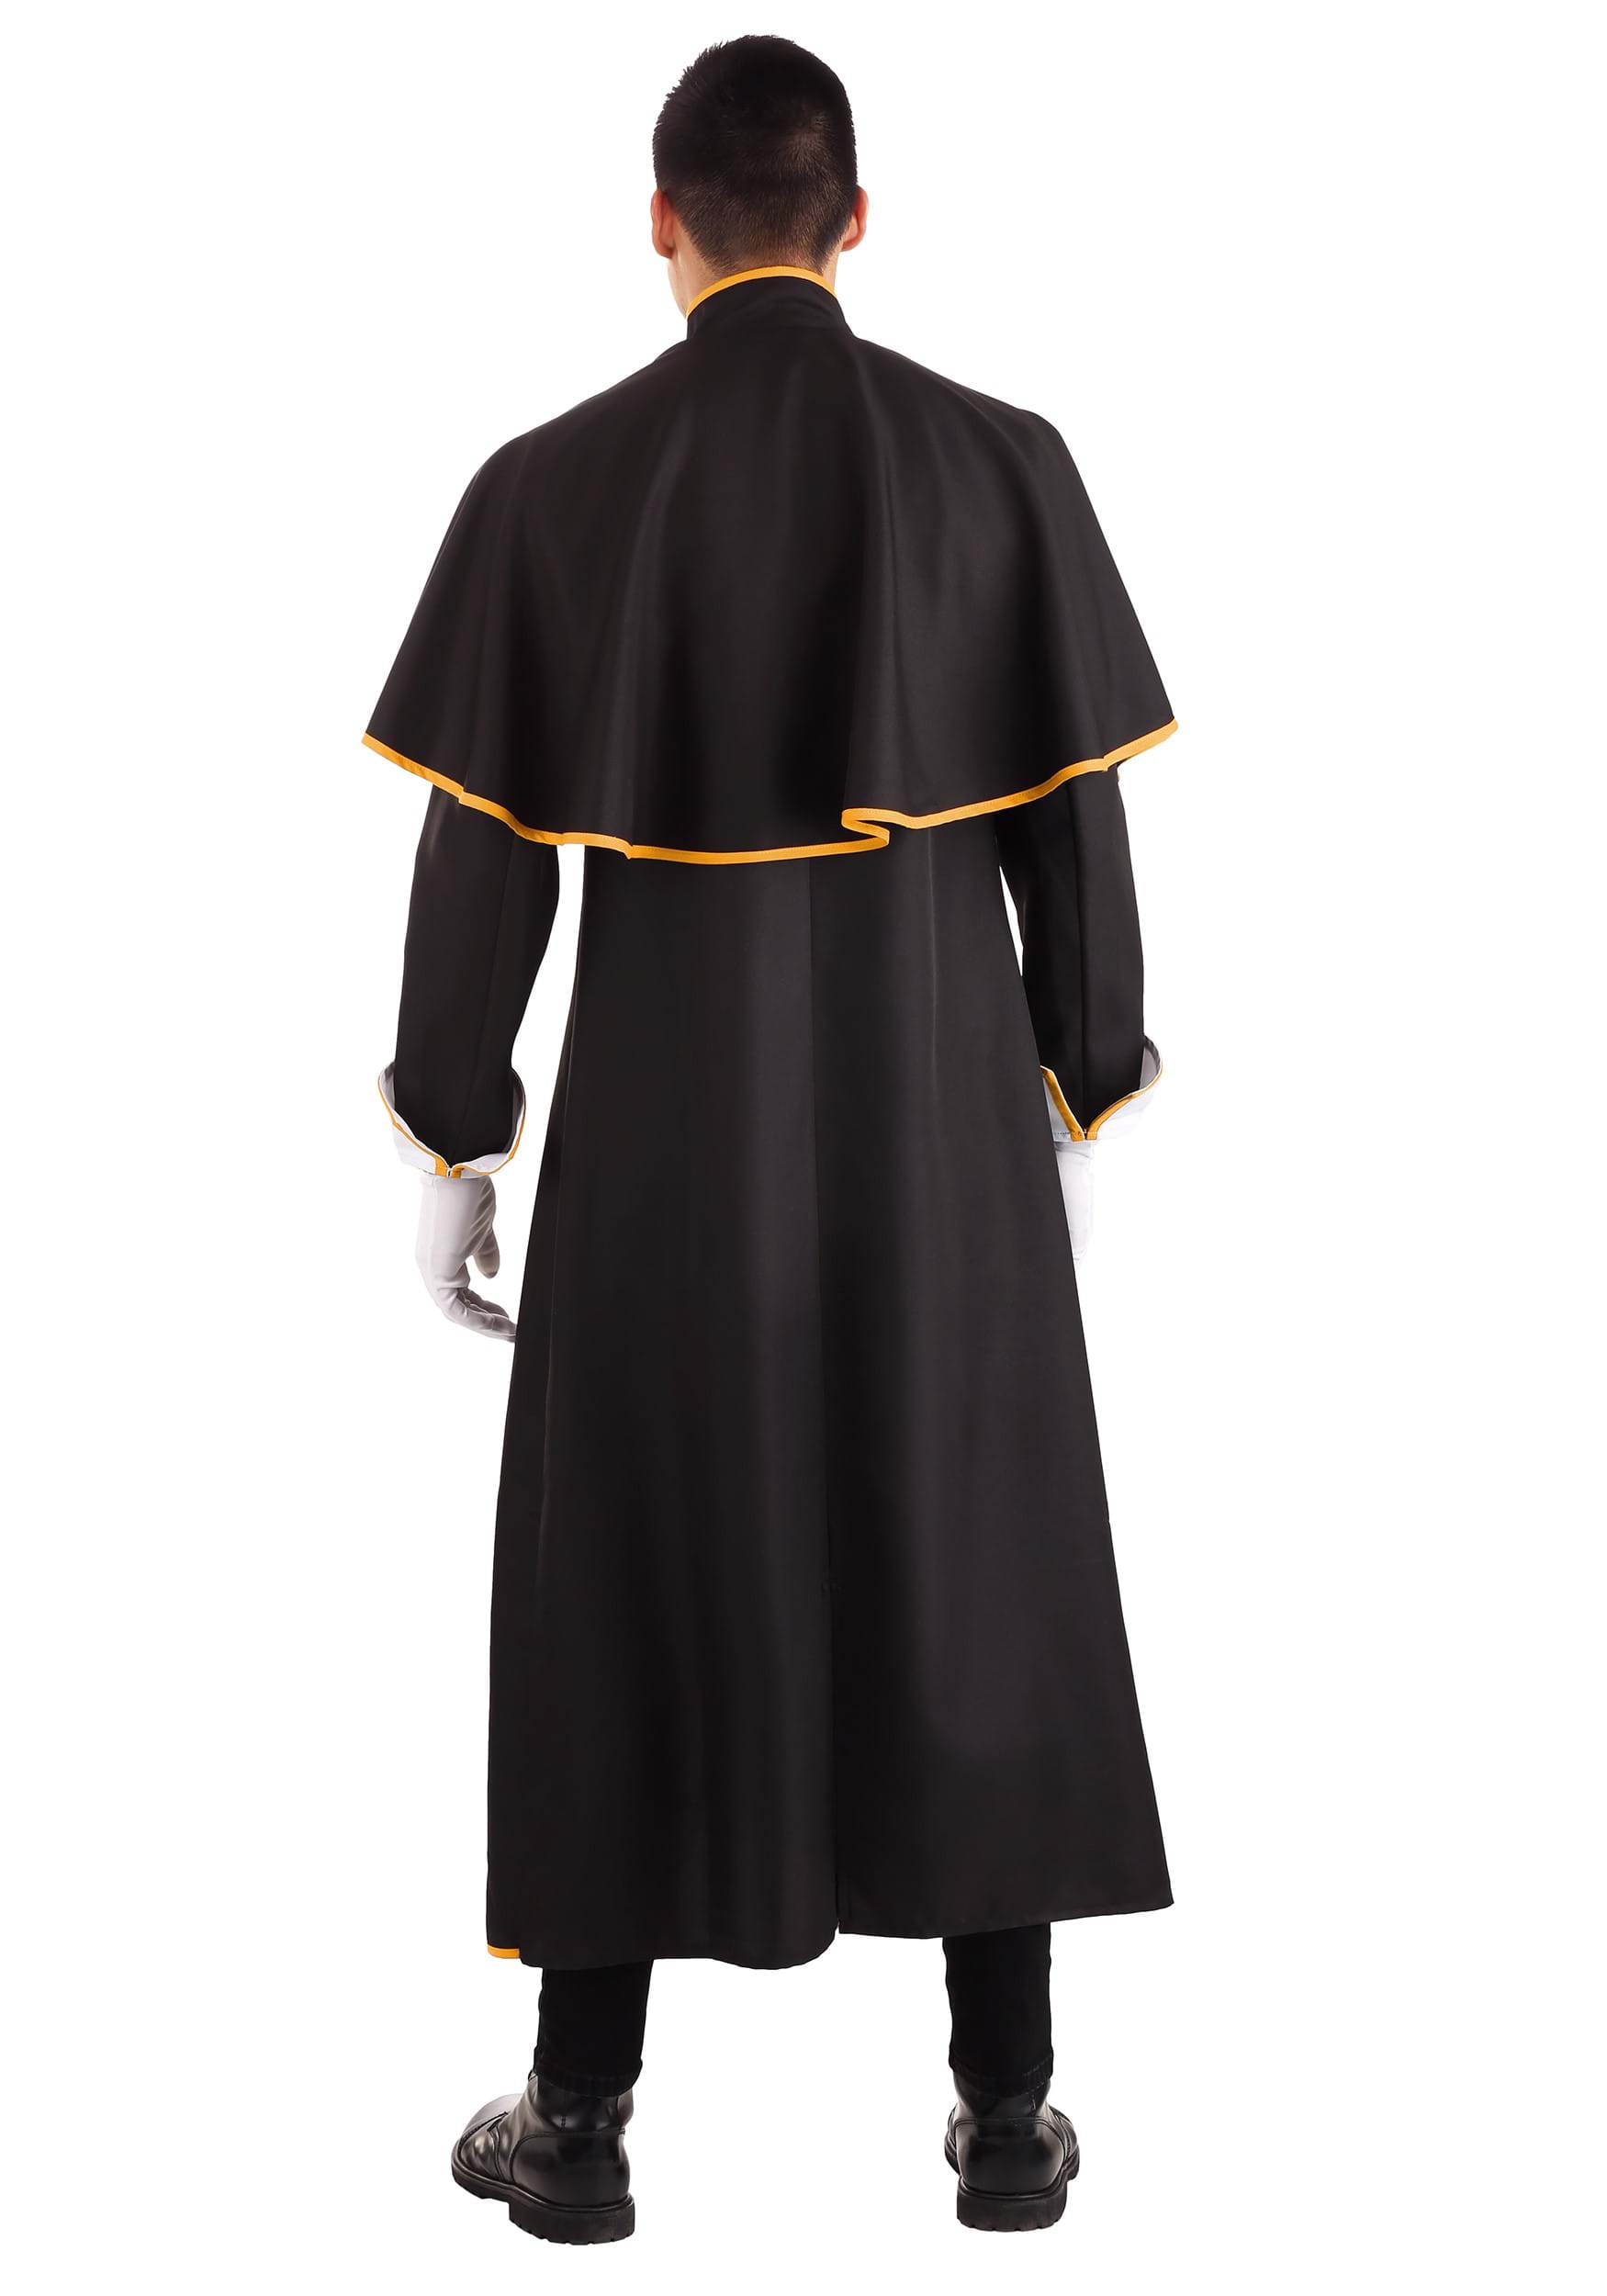 Holy Priest Adult Fancy Dress Costume
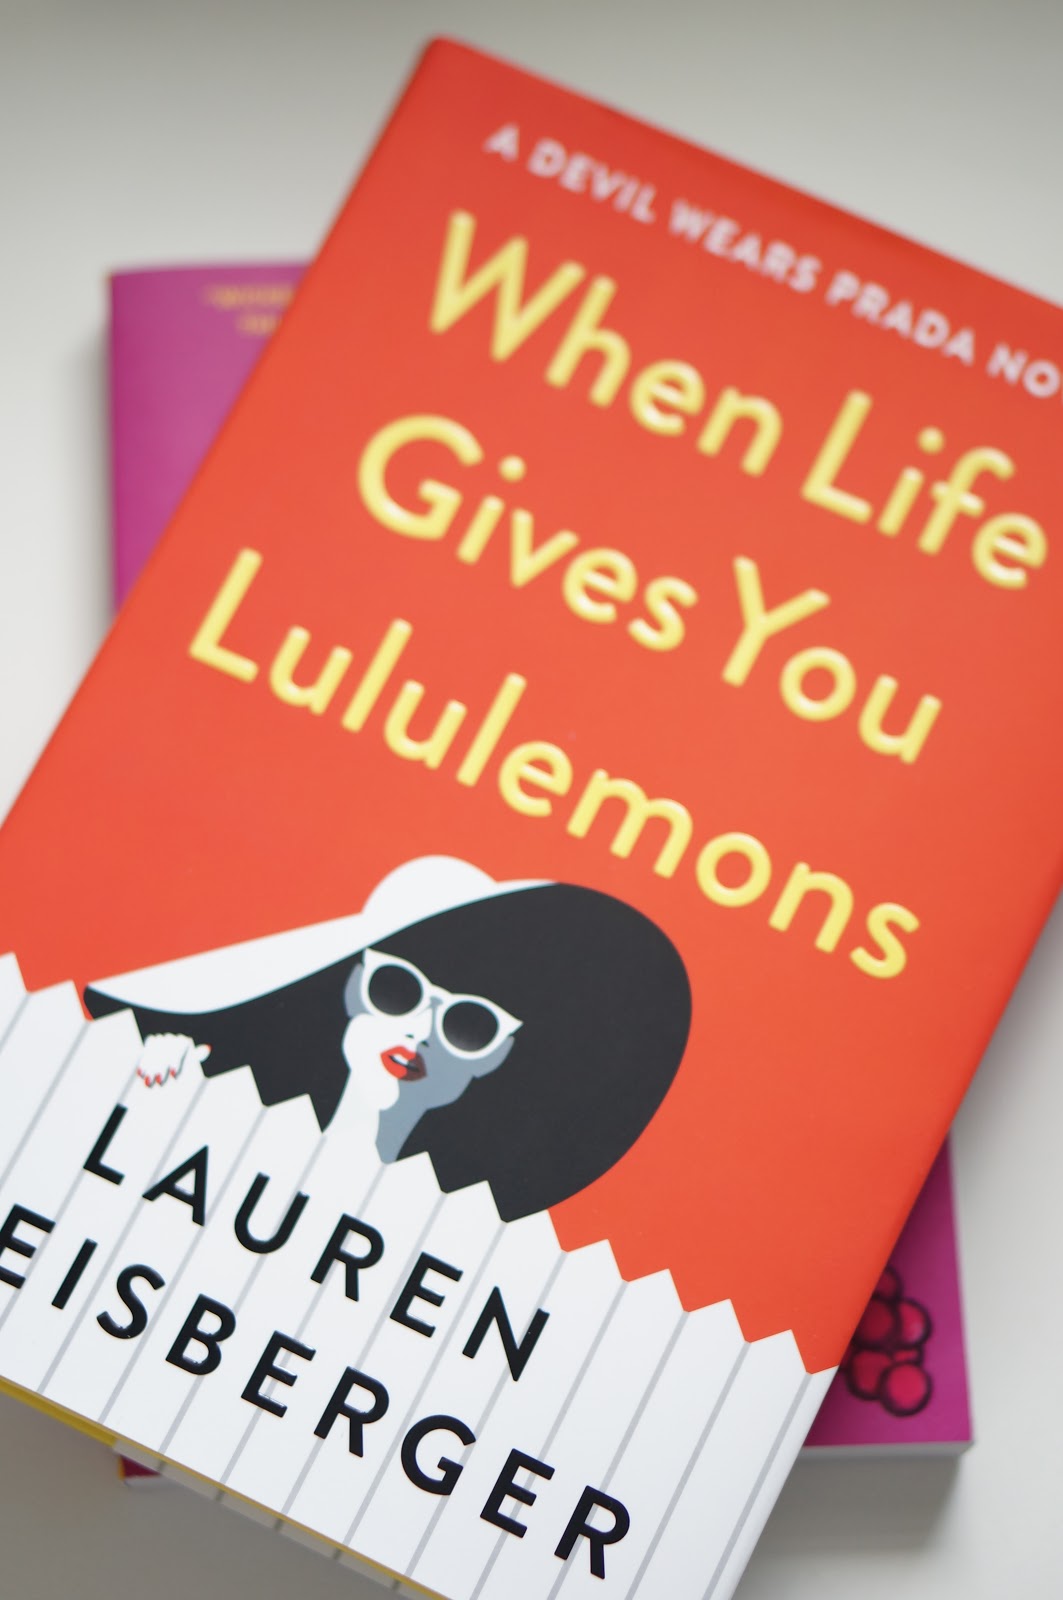 Popular North Carolina style blogger Rebecca Lately shares her review of When Life Gives You Lululemons by Lauren Weisberger. Click here to read her review!
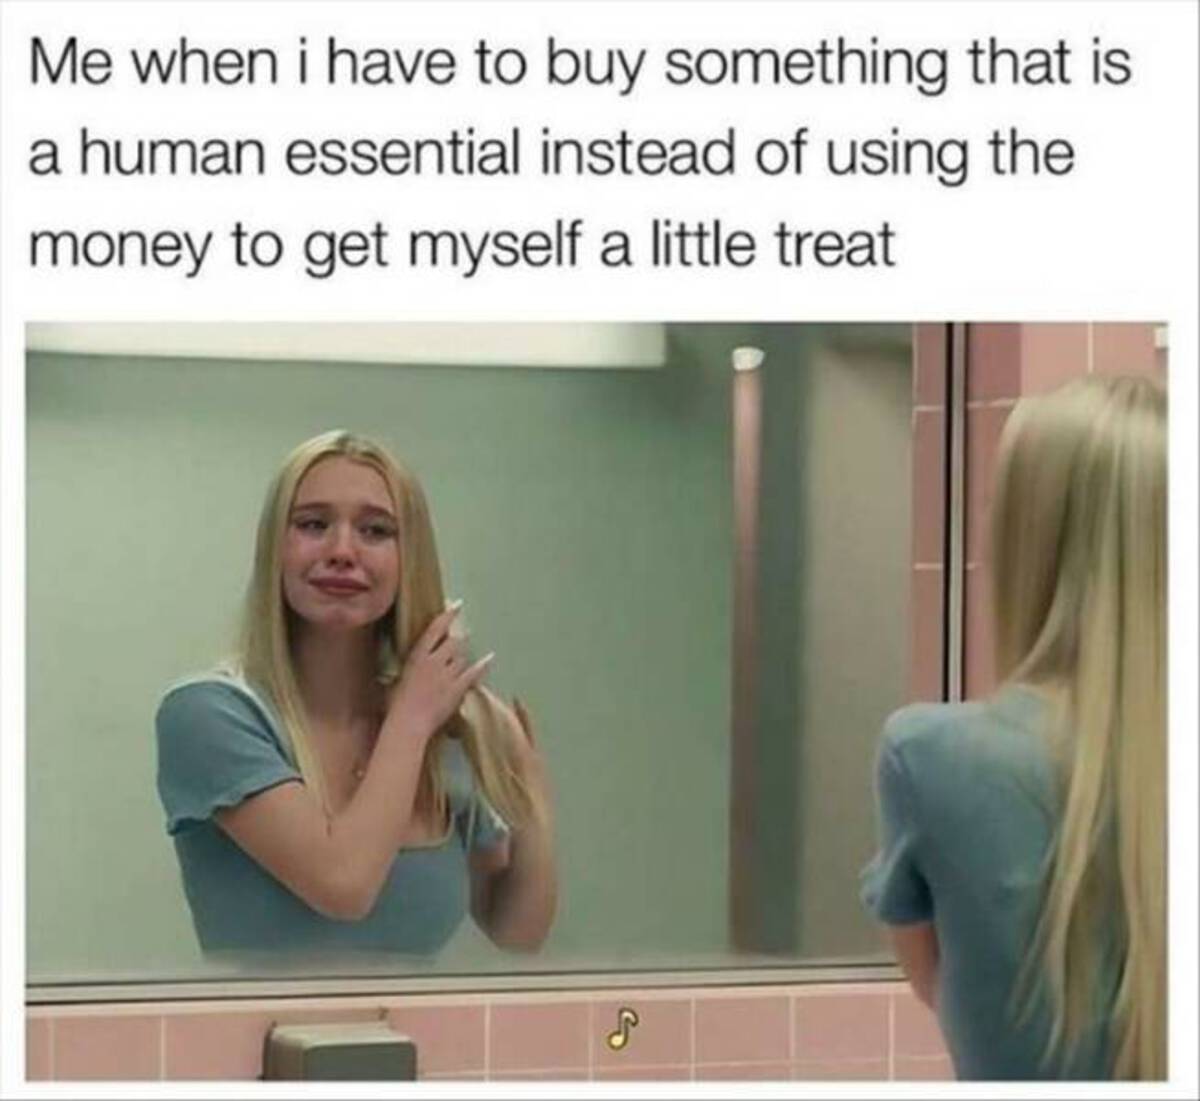 me when i have to buy something - Me when i have to buy something that is a human essential instead of using the money to get myself a little treat
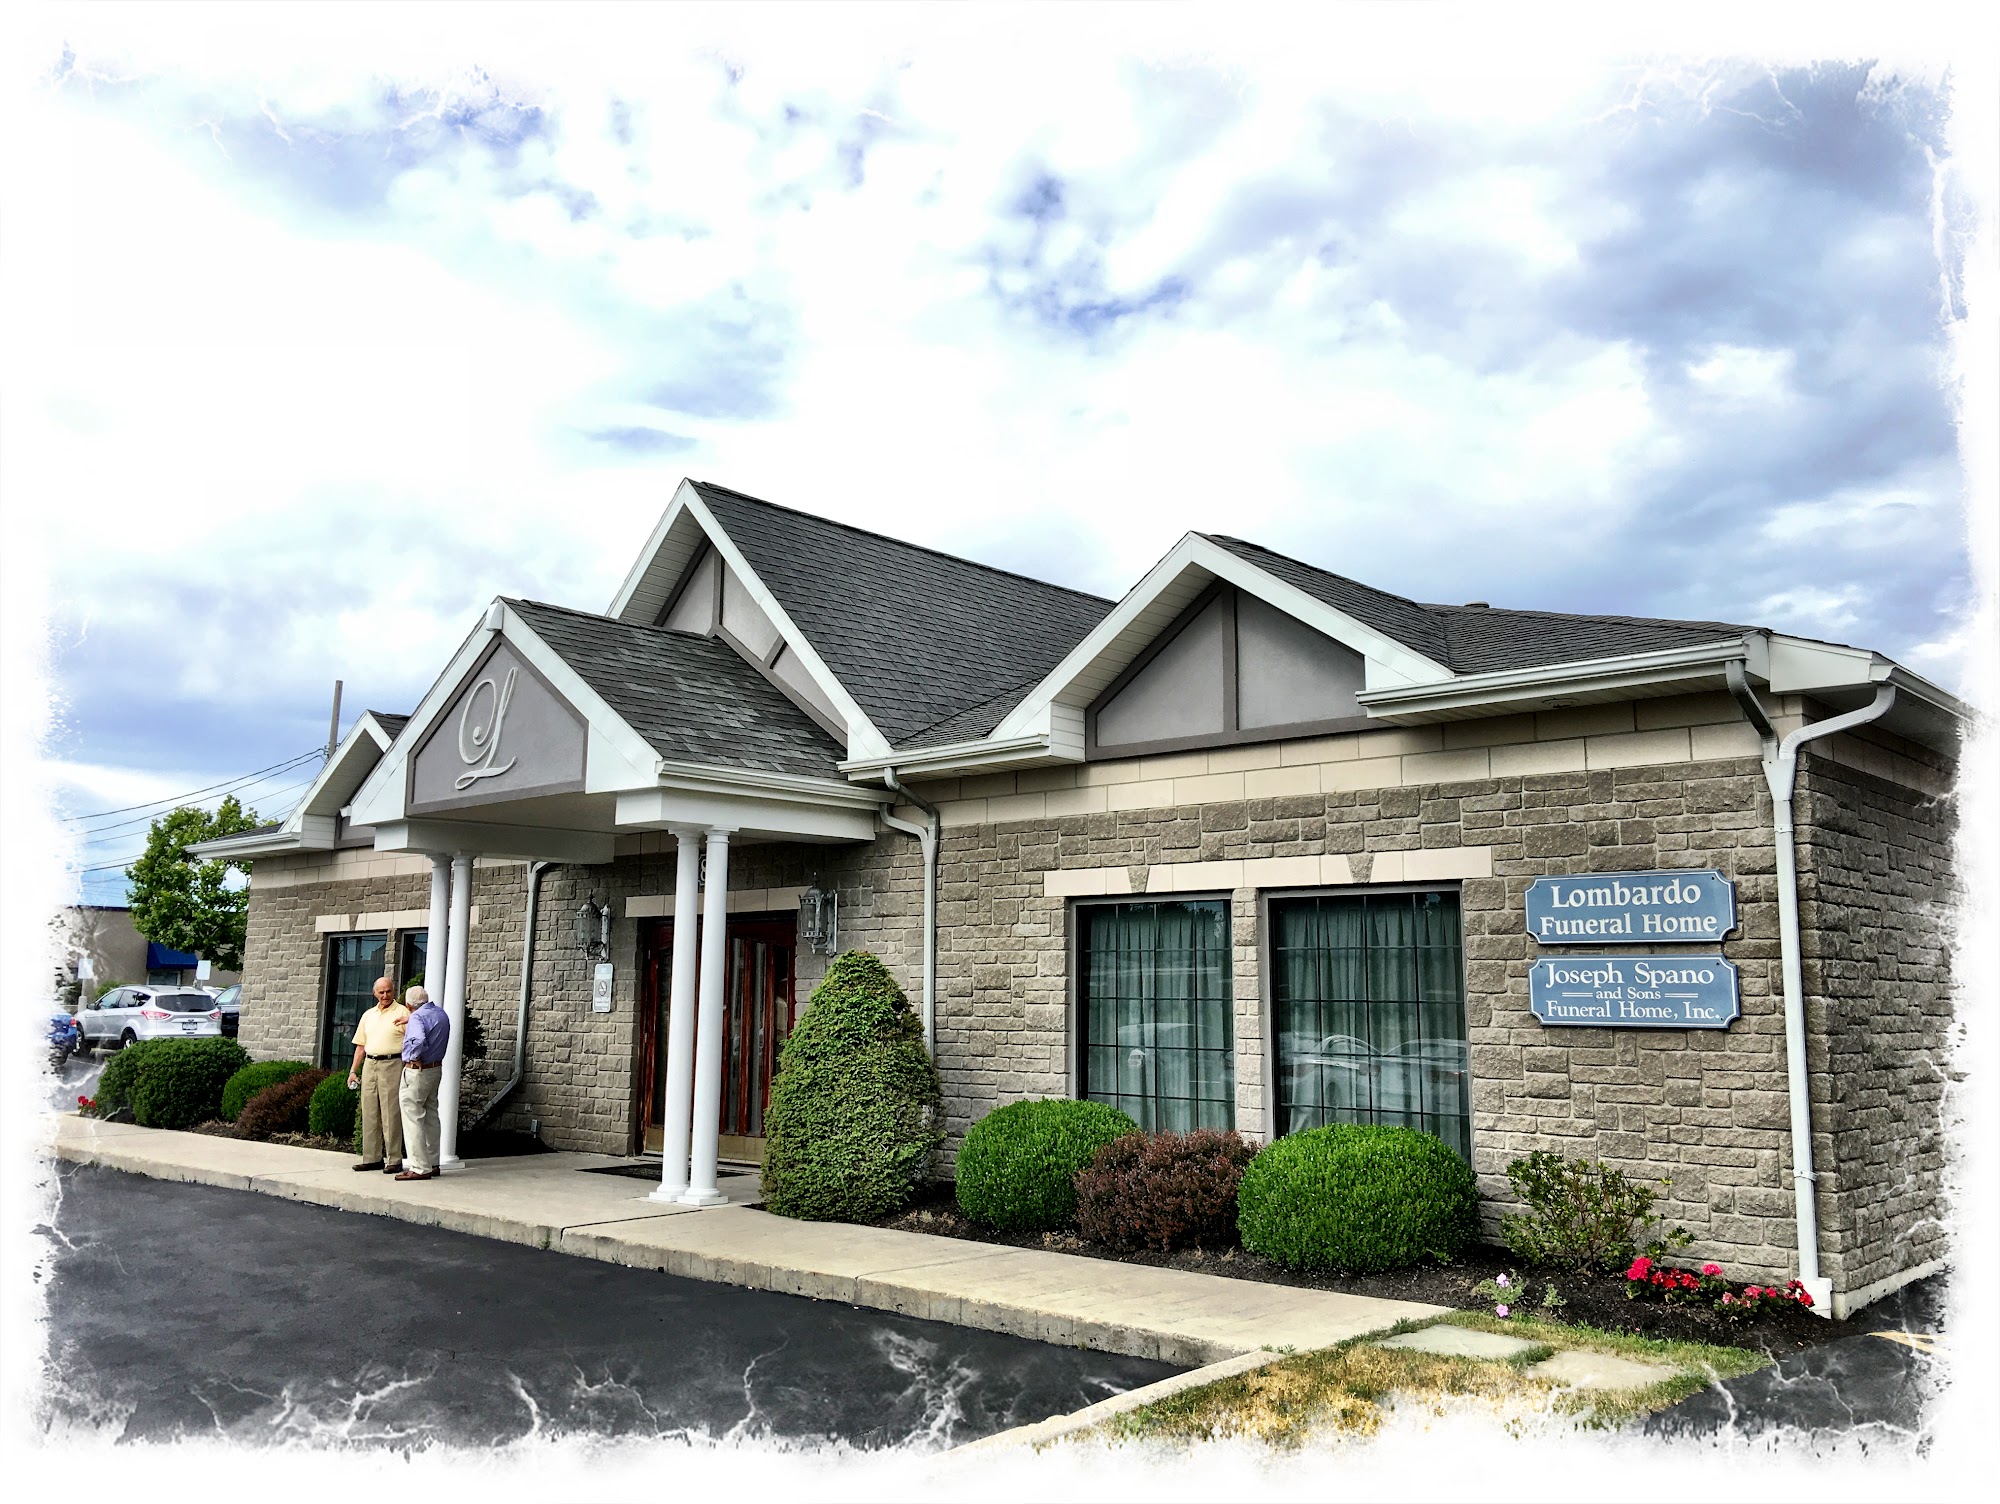 Lombardo Funeral Home - Amherst

※ ※ ※

Restate the data word for word and exclude every picture.

 Holy Priest Adult Fancy Dress Costume
 Popular North Carolina style blogger Rebecca Lately shares her review of When Life Gives You Lululemons by Lauren Weisberger. Click here to read her review!
 me when i have to buy something - Me when i have to buy something that is a human essential instead of using the money to get myself a little treat
 Lombardo Funeral Home - Amherst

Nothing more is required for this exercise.